This mathematics problem involves applying core mathematical principles and formulas. Below you will find a complete step-by-step solution with detailed explanations for each step, helping you understand not just the answer but the method behind it.
ScanSolve AI Answer
To find the n^th term and the three terms of the arithmetic sequence, we first need to determine the common difference (d) and the first term (a_1). Given: a_4 = 93 a_8 = 65 Step 1: Find the common difference (d). In an arithmetic sequence, the n^th term can be expressed as a_n = a_k + (n-k)d.
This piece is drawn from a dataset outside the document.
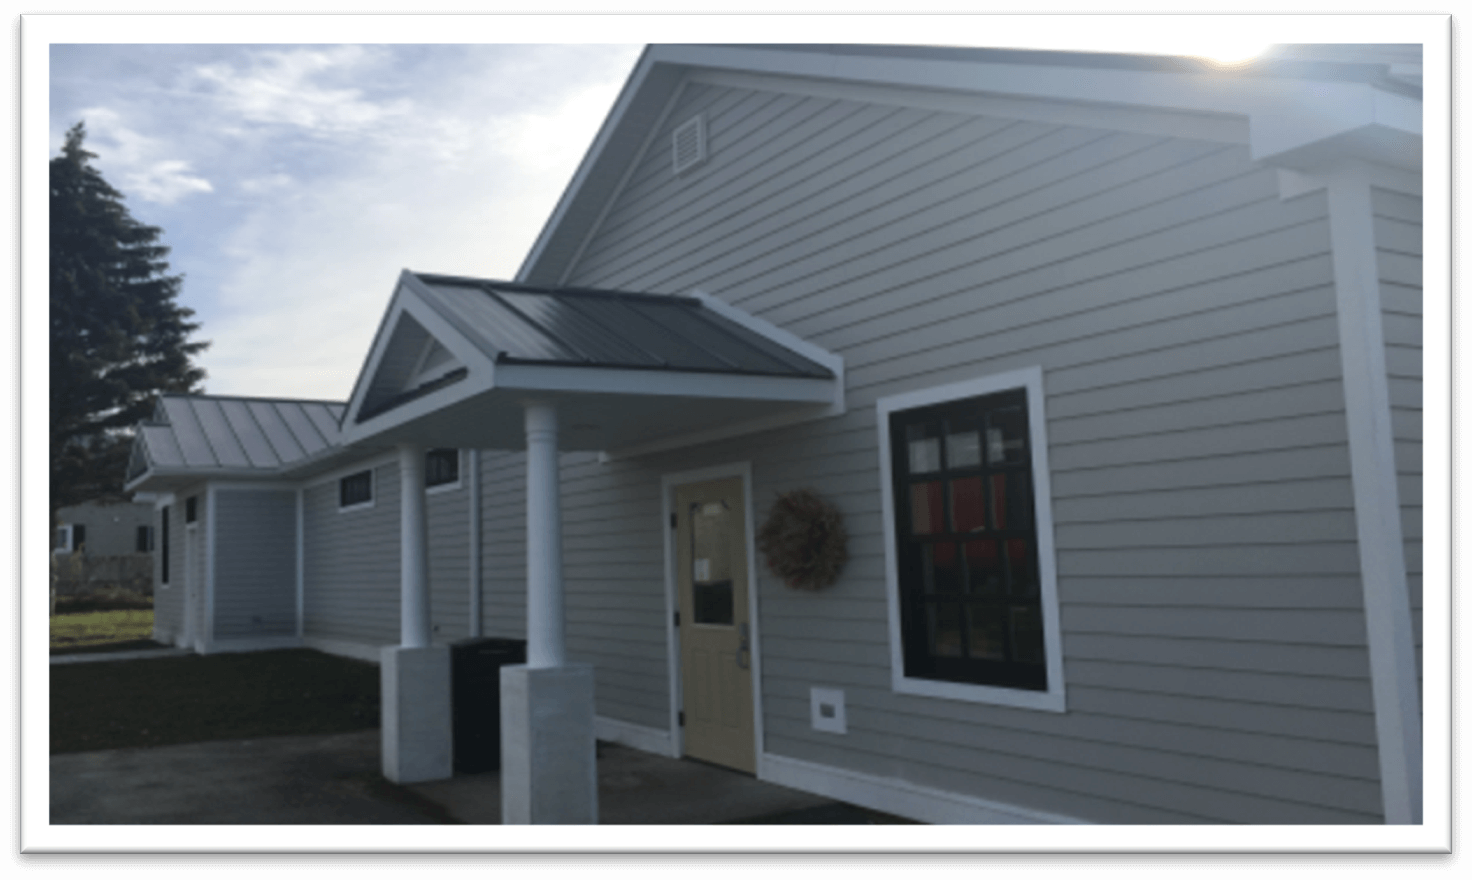 jadestone-engineering-Village of Morristown

Using a_8 and a_4: a_8 = a_4 + (8-4)d a_8 = a_4 + 4d Substitute the given values: 65 = 93 + 4d Subtract 93 from both sides: 65 - 93 = 4d -28 = 4d Divide by 4: d = (-28)/(4) d = -7 Step 2: Find the first term (a_1). The general formula for the n^th term of an arithmetic sequence is a_n = a_1 + (n-1)d. Using a_4 = 93 and d = -7: a_4 = a_1 + (4-1)d 93 = a_1 + 3(-7) 93 = a_1 - 21 Add 21 to both sides: a_1 = 93 + 21 a_1 = 114 Step 3: Find the n^th term (a_n). Using the general formula a_n = a_1 + (n-1)d with a_1 = 114 and d = -7: a_n = 114 + (n-1)(-7) a_n = 114 - 7n + 7 a_n = 121 - 7n Step 4: Find the first three terms of the sequence. The first term is a_1 = 114. The second term is a_2 = a_1 + d = 114 + (-7) = 107. The third term is a_3 = a_2 + d = 107 + (-7) = 100. The n^th term of the arithmetic sequence is 121 - 7n. The first three terms of the sequence are 114, 107, 100.